I am trying to write a manual rate-limiting function for the rgithub package. So far this is what I have:
library(rgithub)
pull <- function(i){
commits <- get.pull.request.commits(owner = owner, repo = repo, id = i, ctx = get.github.context(), per_page=100)
links <- digest_header_links(commits)
number_of_pages <- links[2,]$page
if (number_of_pages != 0)
try_default(for (n in 1:number_of_pages){
if (as.integer(commits$headers$`x-ratelimit-remaining`) < 5)
Sys.sleep(as.integer(commits$headers$`x-ratelimit-reset`)-as.POSIXct(Sys.time()) %>% as.integer())
else
get.pull.request.commits(owner = owner, repo = repo, id = i, ctx = get.github.context(), per_page=100, page = n)
}, default = NULL)
else
return(commits)
}
list <- c(500, 501, 502)
pull_lists <- lapply(list, pull)
The intention i that if the x-ratelimit-remaining variable goes below a certain threshold the script should wait until the time specified in x-ratelimit-reset has passed, and then continue the script.

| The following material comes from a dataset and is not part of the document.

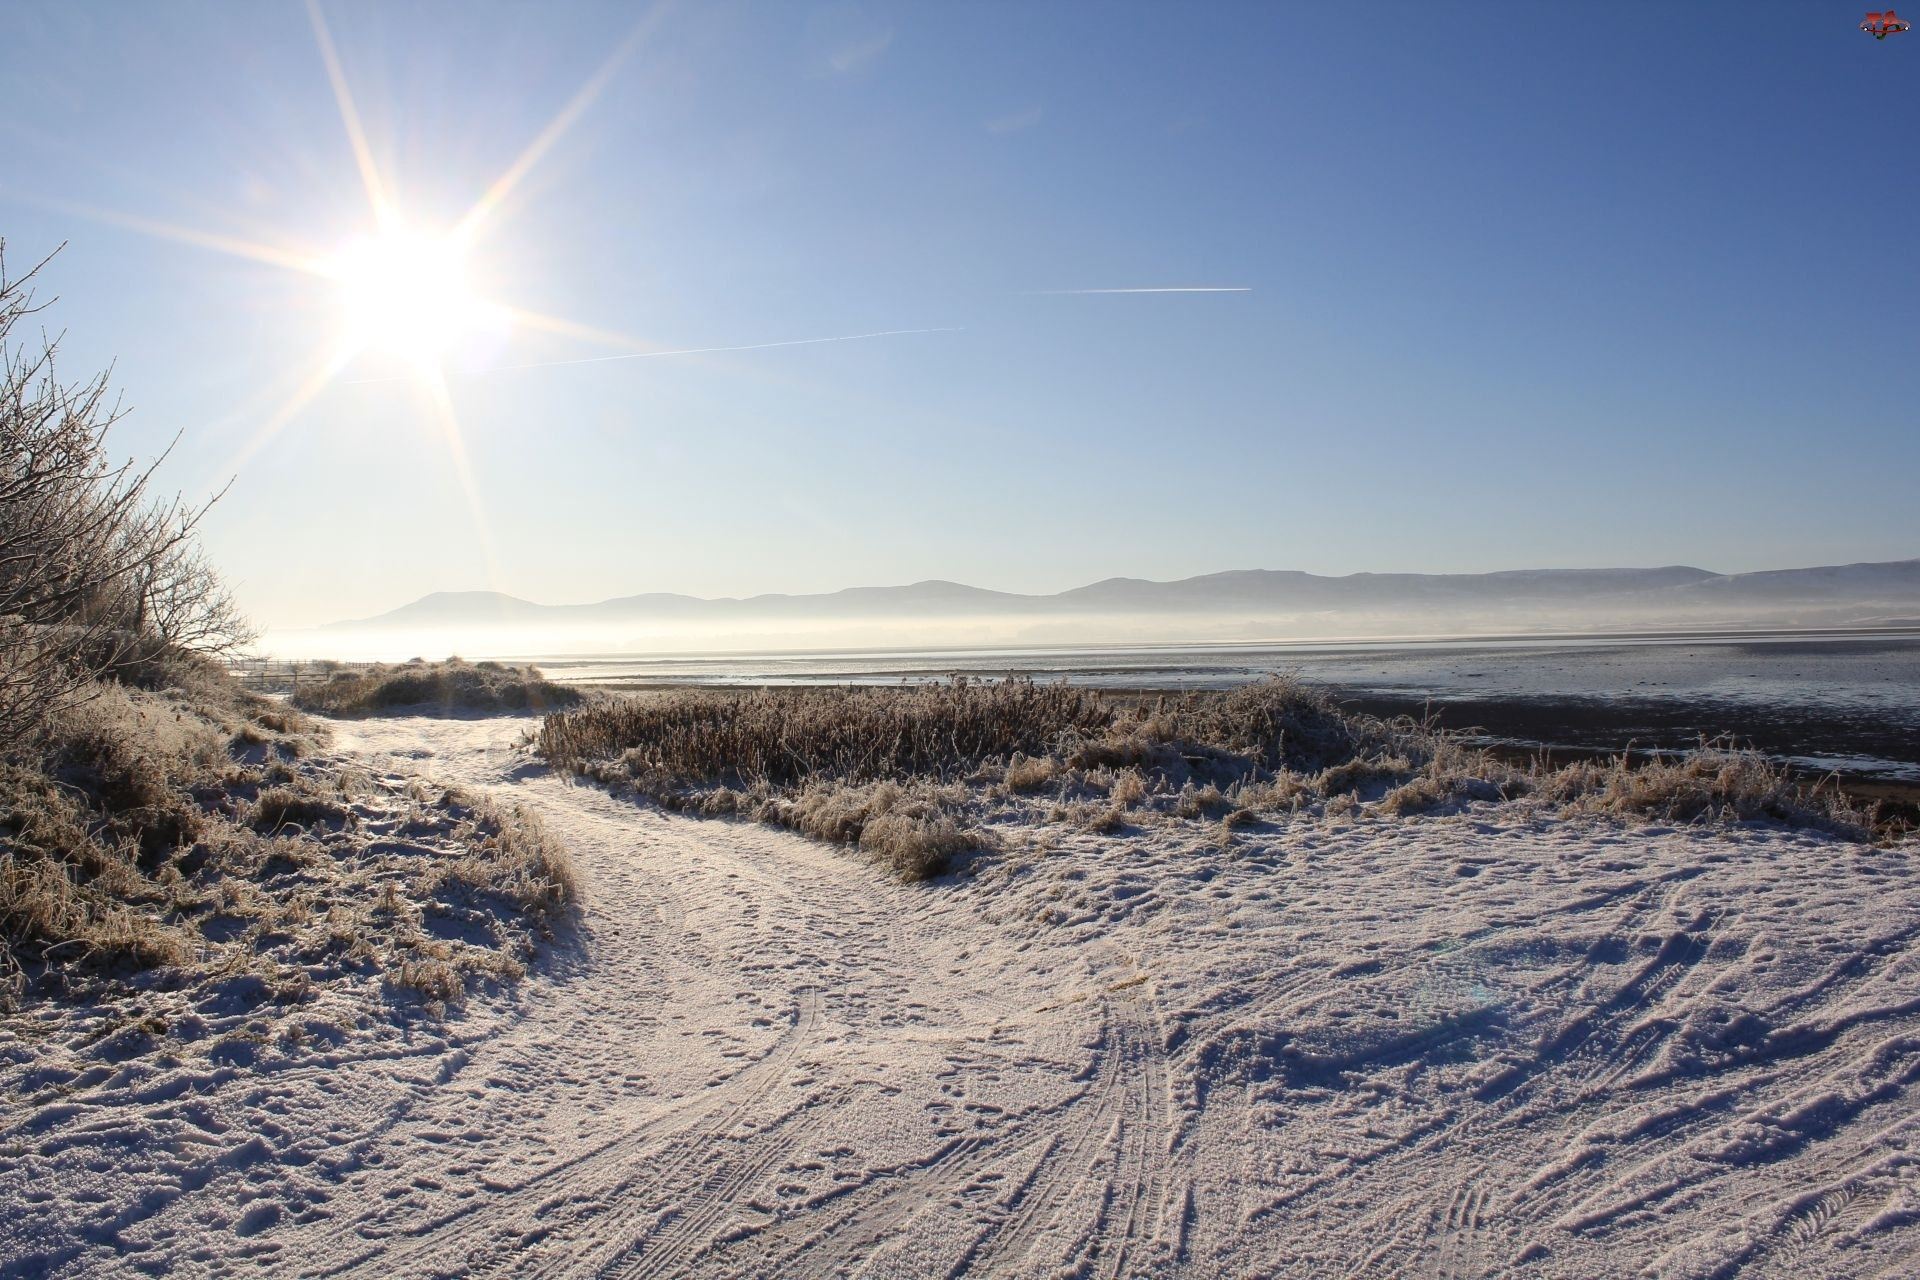 Sligo Strandhill, Słońca, Szron, Promienie

However, I'm not sure if this is the actual behavior of the if else set up that I have here.
The function runs fine, but I have some doubts about whether it actually does the rate limiting or whether it somehow skips that steps. Hence I ask: a) how can I find out if it actually does rate-limiting, and b) if not, how can I rewrite it so that it actually does rate limiting? Would a while condition/loop perhaps be better?

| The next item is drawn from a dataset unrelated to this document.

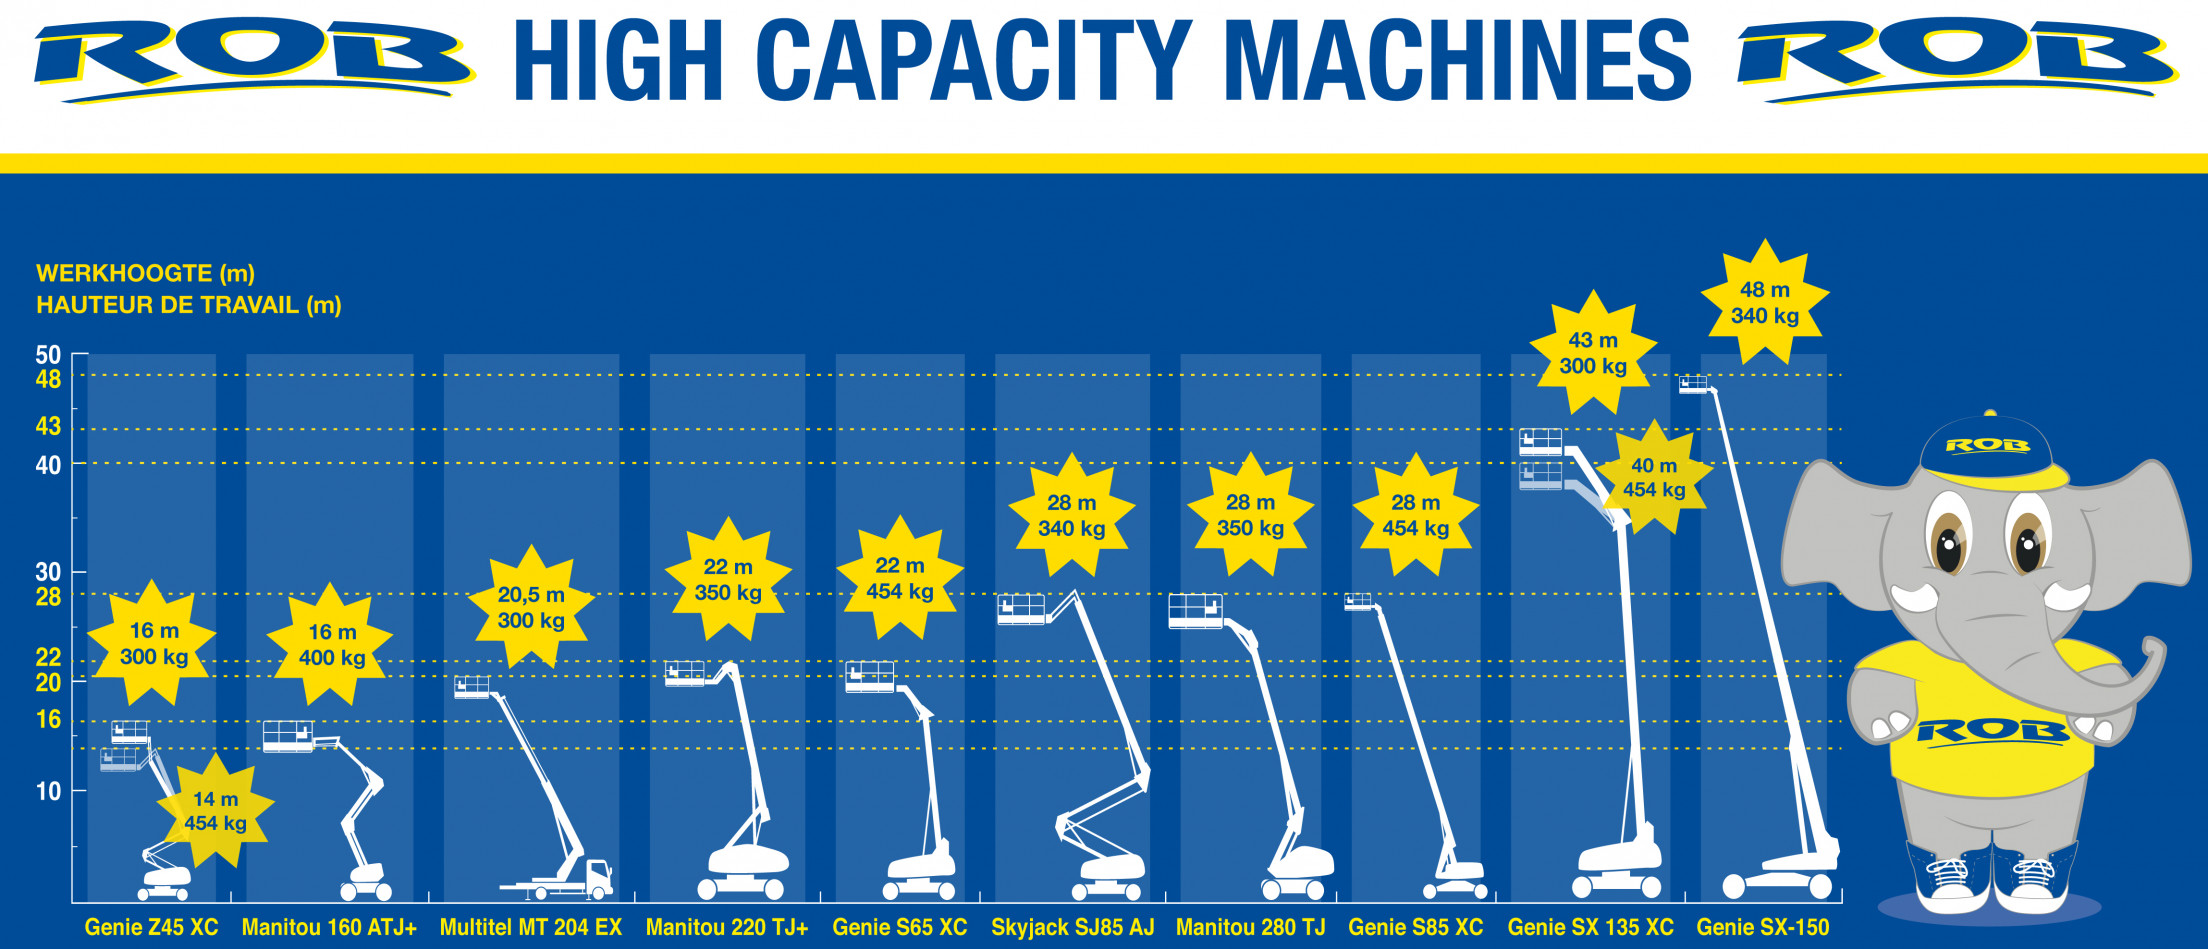 High Capacity machines

You can test if it does the rate limiting changing 5 to a large enough number and adding a display of the timing of Sys.sleep using:
print(system.time(Sys.sleep(...)))
That said, the function seems ok to me, unfortunately I cannot test it easily as rgithub is not available for my version of R (3.1.3).
Not a canonical answer, but some working example.

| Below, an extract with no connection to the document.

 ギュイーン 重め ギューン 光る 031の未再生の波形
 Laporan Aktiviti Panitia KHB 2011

You should add some logging in your script, even kind of write.csv(append=TRUE).
I've implemented automatic antiddos process which prevent your ip to be banned by the exchange market. You can find it jangorecki/Rbitcoin/R/utils.R.
Rbitcoin.last_api_call is env object stored in package namespace, kind of session package cache.
This can help you with setting it in your package.
You should also consider a optional parallel supported version. Linking to database with concurrency read. My function can be easy modified to queue call and recheck timing every X seconds.
Edit
I forget to add that mentioned function support multiple source systems. That allows for example to extend your rgithub for bitbucket, etc. and still effectively manage API rate limiting.